### PROBLEM LINK:

**Author and Editorialist:** Lalit Kundu

**Tester:** Kamil Debowski

### DIFFICULTY:

easy-medium

### PREREQUISITES:

binary search, basic maths

### PROBLEM:

Given two string S_1 and S_2, a flower is formed by putting strings perpendicular to each other in such a way that they overlap at the same character. A flower’s ugliness is sum of absolute difference of adjacent petal lengths i.e. i.e. if adjacent petal lengths are L_1, L_2$, L_3$, L_4, then ugliness of flower is |L_1 - L_2| + |L_2 - L_3| + |L_3 - L_4| + |L_4 - L_1|. You have to minimise this ugliness.

### QUICK EXPLANATION:

======================

Iterate over 26 characters assuming i^{th} English alphabet is the overlapping character. Now, for fixed i, iterate over all positions j in S_1 and find the optimal position k in S_2 such that overlapping strings at positions i in S_1 and j in S_2 will minimise ugliness function. For a fixed j, the ugliness function can be expressed as |x - a_1| + |x - a_2| + |x - a_3| + |x - a_4|, where a_1, a_2, a_3, a_4 are constants dependent on lengths of S_1 and S_2 and j. Among all possible positions in S_2 for variable x, we need to evaluate those closest to a_1, a_2, a_3, a_4, which can be done via binary search.

### EXPLANATION:

================

A very intuitive idea is to iterate over all characters of English alphabet assuming that strings will overlap at this character. Let’s denote by L_{1, i} as sorted list of all positions in S_1 where i^{th} English alphabet occurs. Similarly, by L_{2, i} as sorted list of all positions in S_2 where i^{th} English alphabet occurs.

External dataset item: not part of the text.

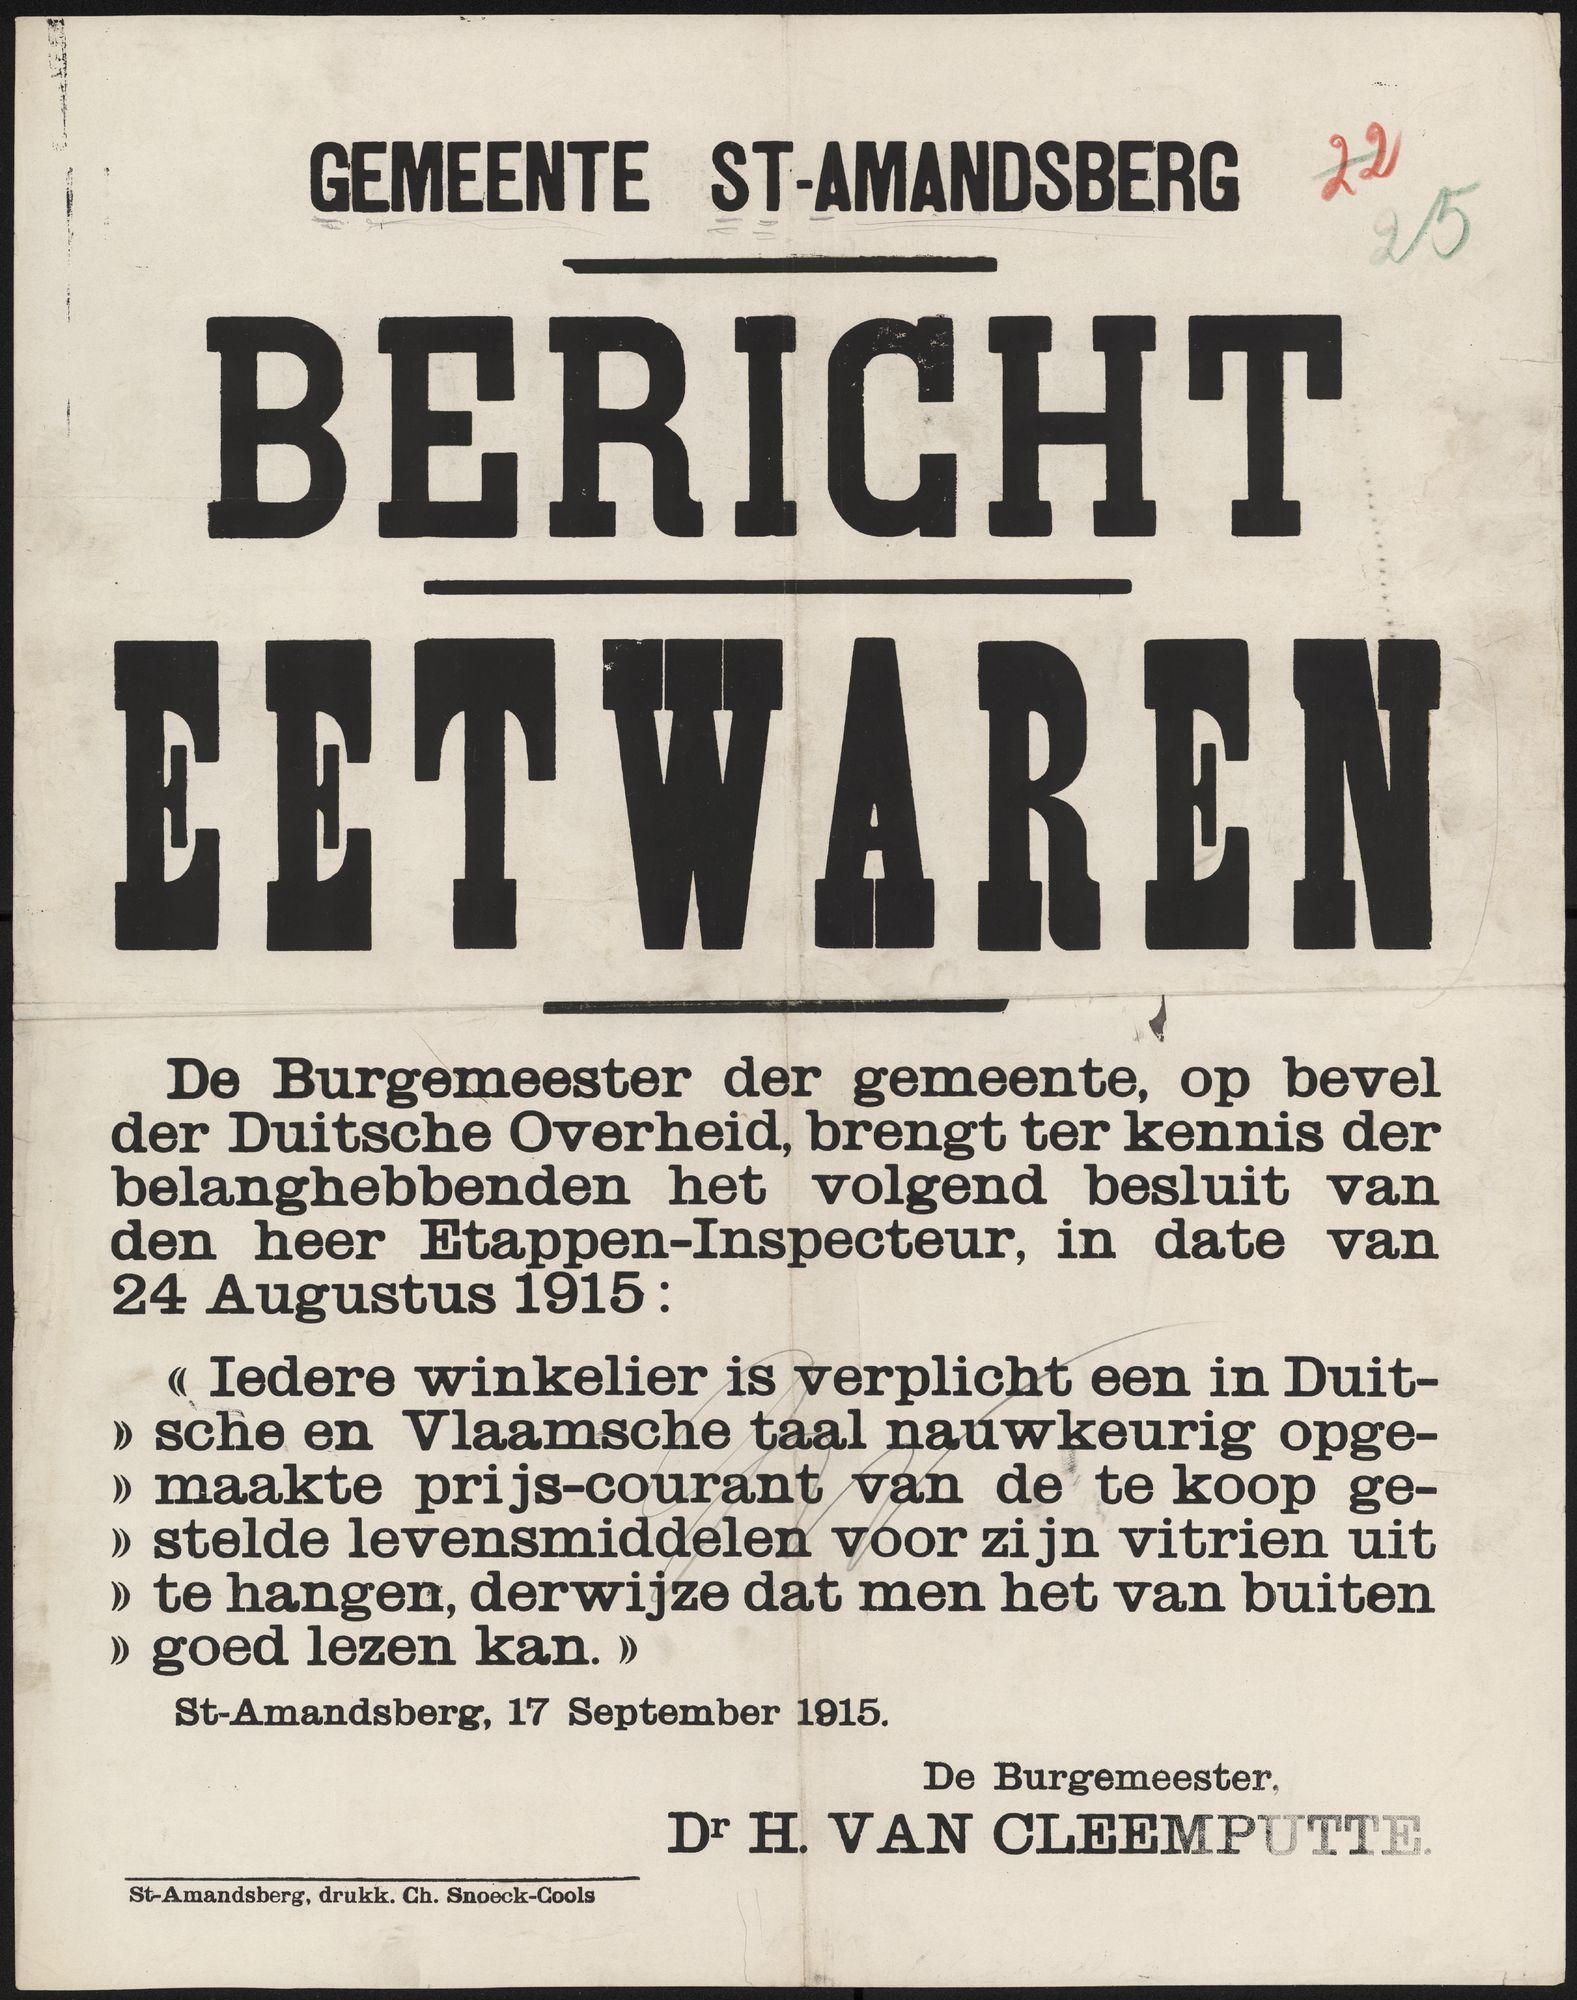 Gemeente St-Amandsberg, Bericht, Eetwaren.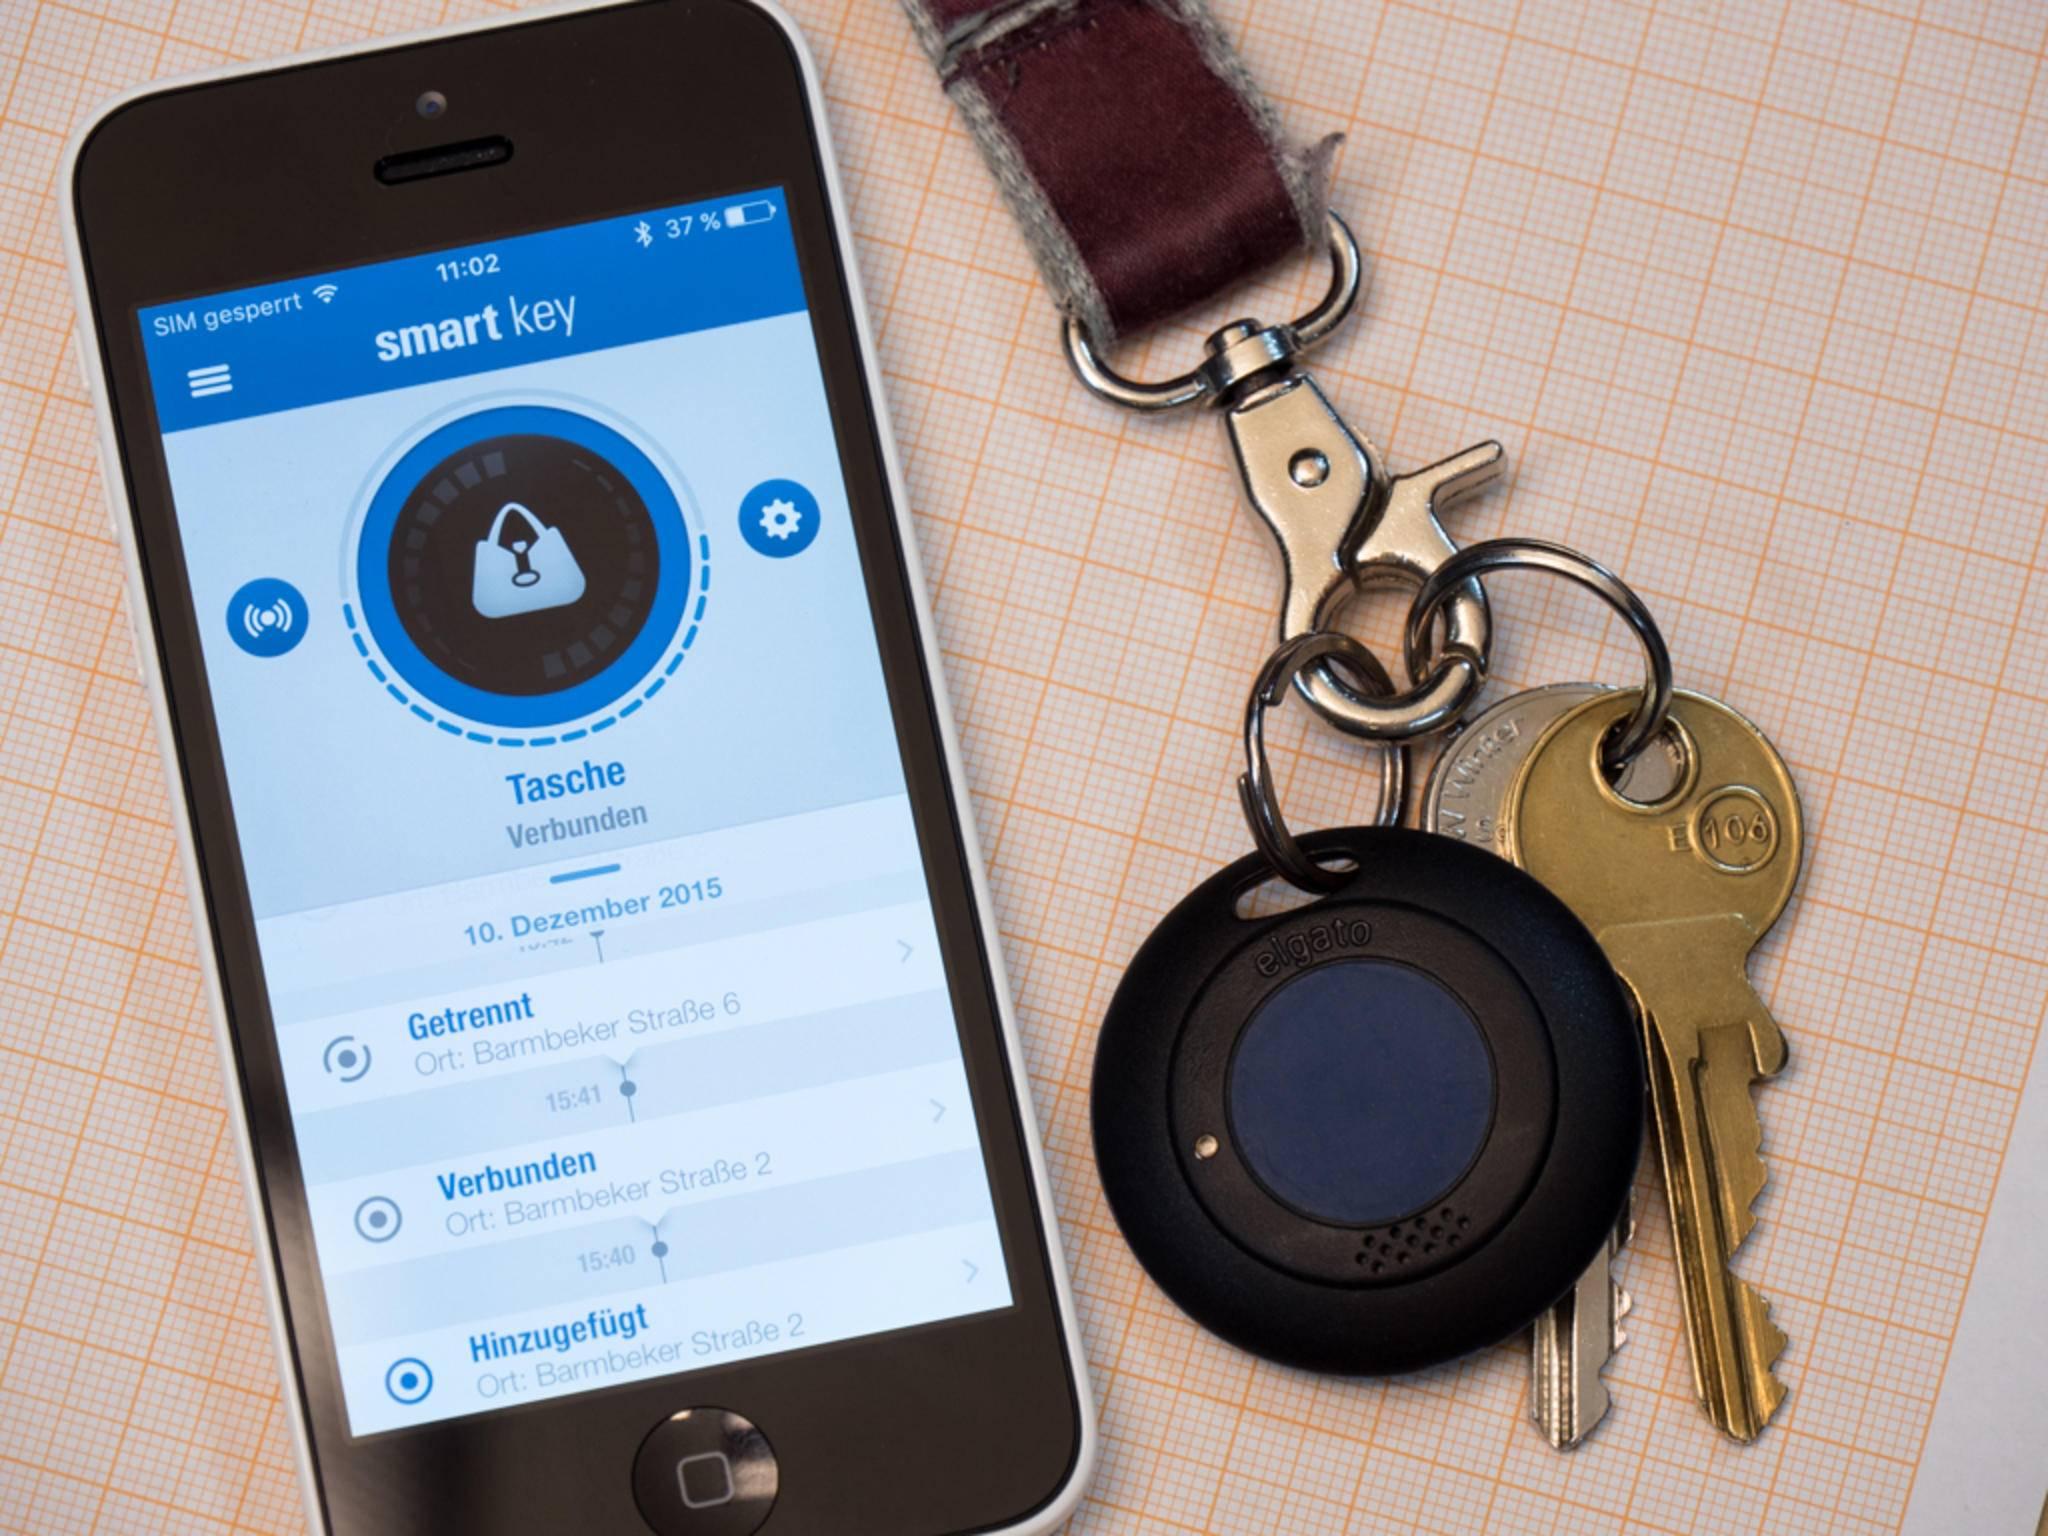 Der Elgato Smart Key wird vom iPhone aus überwacht.

Now, for all i(*i.e.* i = 1 to 26), we’ll iterate over j \in L_{1, i} assuming that overlap will occur at this position j in string S_1. Let’s say the overlap position is x in S_2, then what will be the ugliness? If you work it out, you’ll see it can be written as f(x) = |x - (l_2 - j -1)| + |x - (l_2 - l_1 + j)| + |x - (l_1 - j - 1)| + |x - j|, where l_1 and l_2 are lengths of S_1 and S_2, respectively. Let’s say it’s of form |x - a_1| + |x - a_2| + |x - a_3| + |x - a_4|.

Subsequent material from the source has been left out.